Dairy Plant Continues To Run Smoothly With Help From 3 Generations - Cowsmo

Dairy Plant Continues To Run Smoothly With Help From 3 Generations

Homer Lanham started working at the old Valley Bell dairy plant in Charleston, W.Va. in 1942. When he retired 44 years later in 1986, Homer handed the reins to his son Bruce, who monitors the pasteurization process at the dairy.

Today, at what is now the United Dairy plant, Bruce is showing his son, Matt, the ropes.

If all goes according to plan, by the time Matt is ready to retire someday, the family will have invested more than a century in the same dairy business.

“It’s been good. It’s a good job,” Bruce said. “Good benefits, and all that. That’s a good thing to pass on.”

It’s not easy work, though. The machines are loud, too loud for easy conversation, and they require a certain amount of dark, thick grease to run smoothly. Condensation drops from the ceiling and the metal pipes, making the cement floor slippery.

Bruce and his coworkers wear white jumpsuits covered with inevitable smudges and stains, and slip-resistant boots to keep from falling. He pauses to wipe the sweat from his brow and checks the levels on a giant tank.

Matt, he said, has proven himself to be a hard worker and a quick learner.

“The best quote I ever heard from him, he came home after three or four weeks of working with me and told my daughter, he said, ‘Dad’s really smarter than I ever thought he was,'” Bruce said.

He smiles proudly at the memory.  “I knew I had him then.”  It’s a legacy that’s important and valuable to his family as well as to his employers.

The dairy processes 1 million 8-ounce bottles of milk for school children in West Virginia, Ohio, Kentucky and Virginia each week. It also processes another 500,000 gallons of milk each week, trucking in the product from farms and co-ops for miles around. On site the raw milk is pasteurized, homogenized and separated into skim, 1-percent, 2-percent and whole milk, and some of it is turned into chocolate and strawberry milk.

The liquid is kept in holding tanks, then transferred to coolers. At the same time, vats full of thick liquid plastic are being poured into molds, shaped into gallon jugs and carried down conveyor belts where they are slapped with labels and filled.

Still more machines put lids on the jugs and twist them to seal. Eventually they are loaded onto pallets, transported onto trucks and shipped to stores and grocery shelves.

It takes a staff of 53, working around the clock six days a week, to pull it off.

“It’s very hard to staff,” said Charlie Egnor, plant manager.

“We have a lot of good employees, but it’s a demanding business. It’s long hours, it’s hard work,” he added. “Sometimes you go through two or three people before you get to somebody who wants to stay a long time and make a career of it.”

By the time someone has been on staff for five years or more, they’ve learned to troubleshoot, to prevent problems and to act quickly if something goes wrong.

That’s the point at which a worker really becomes important to the task at hand, said Scott Womack, the plant’s quality assurance manager.

“They learn the business.
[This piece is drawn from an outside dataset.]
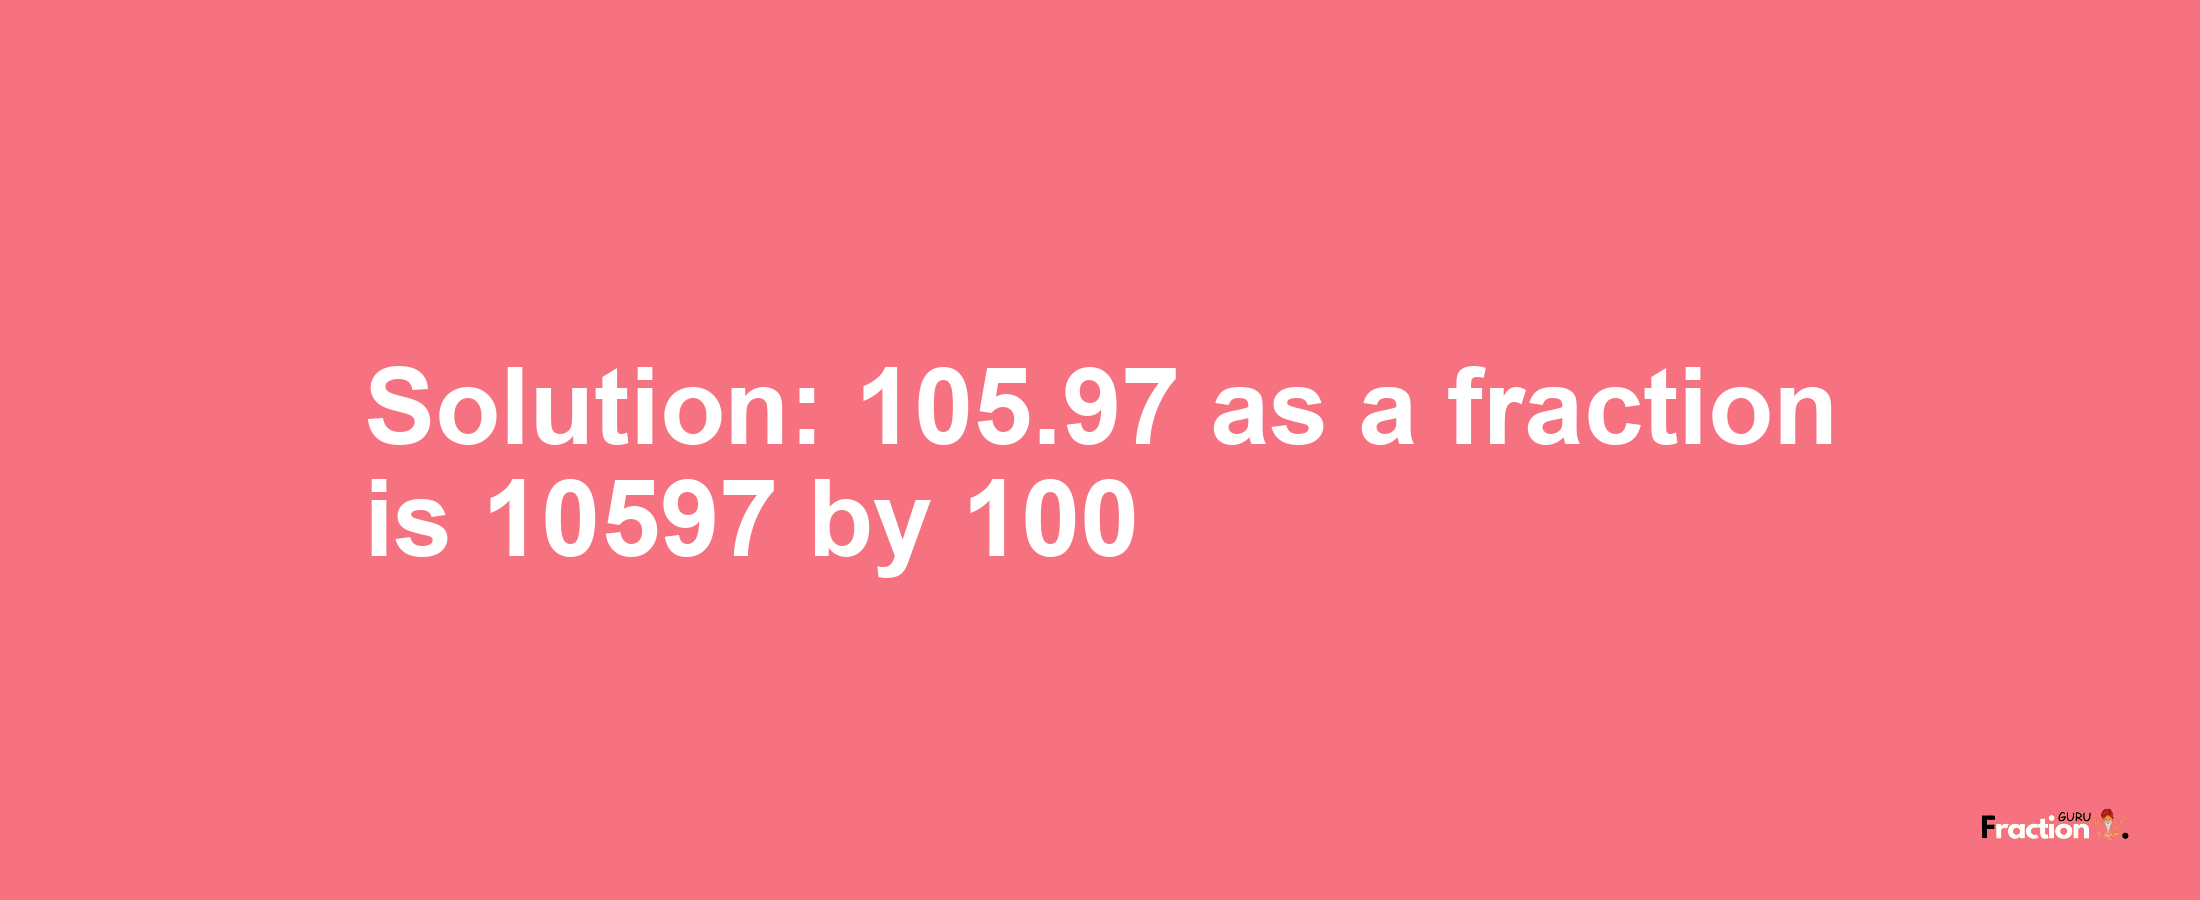 Solution:105.97 as a fraction is 10597/100

They know what it takes to get it done. It’s a great relief to be able to depend on those guys,” he said.

Homer Lanham died the day after Thanksgiving last year, shortly before his grandson Matt was hired at United Dairy. In a way, though, Homer’s legacy lives on.

Bruce is a grandfather now. His daughter, a teacher, gave birth to twins just a few weeks ago, and Matt has a little girl named Peyton, who is 18 months old. Whatever Peyton and her new cousins decide to do with their lives, Bruce imagines the work ethic his father instilled in him, and that he instilled in his children, will eventually find its way to the next generation.

“It think it’s very important to teach kids … If you don’t teach ’em to work, they don’t know how to work,” Bruce said. “If parents show a good work ethic, it gets passed down to their kids.”  That, he said, is the real sign of a job well done.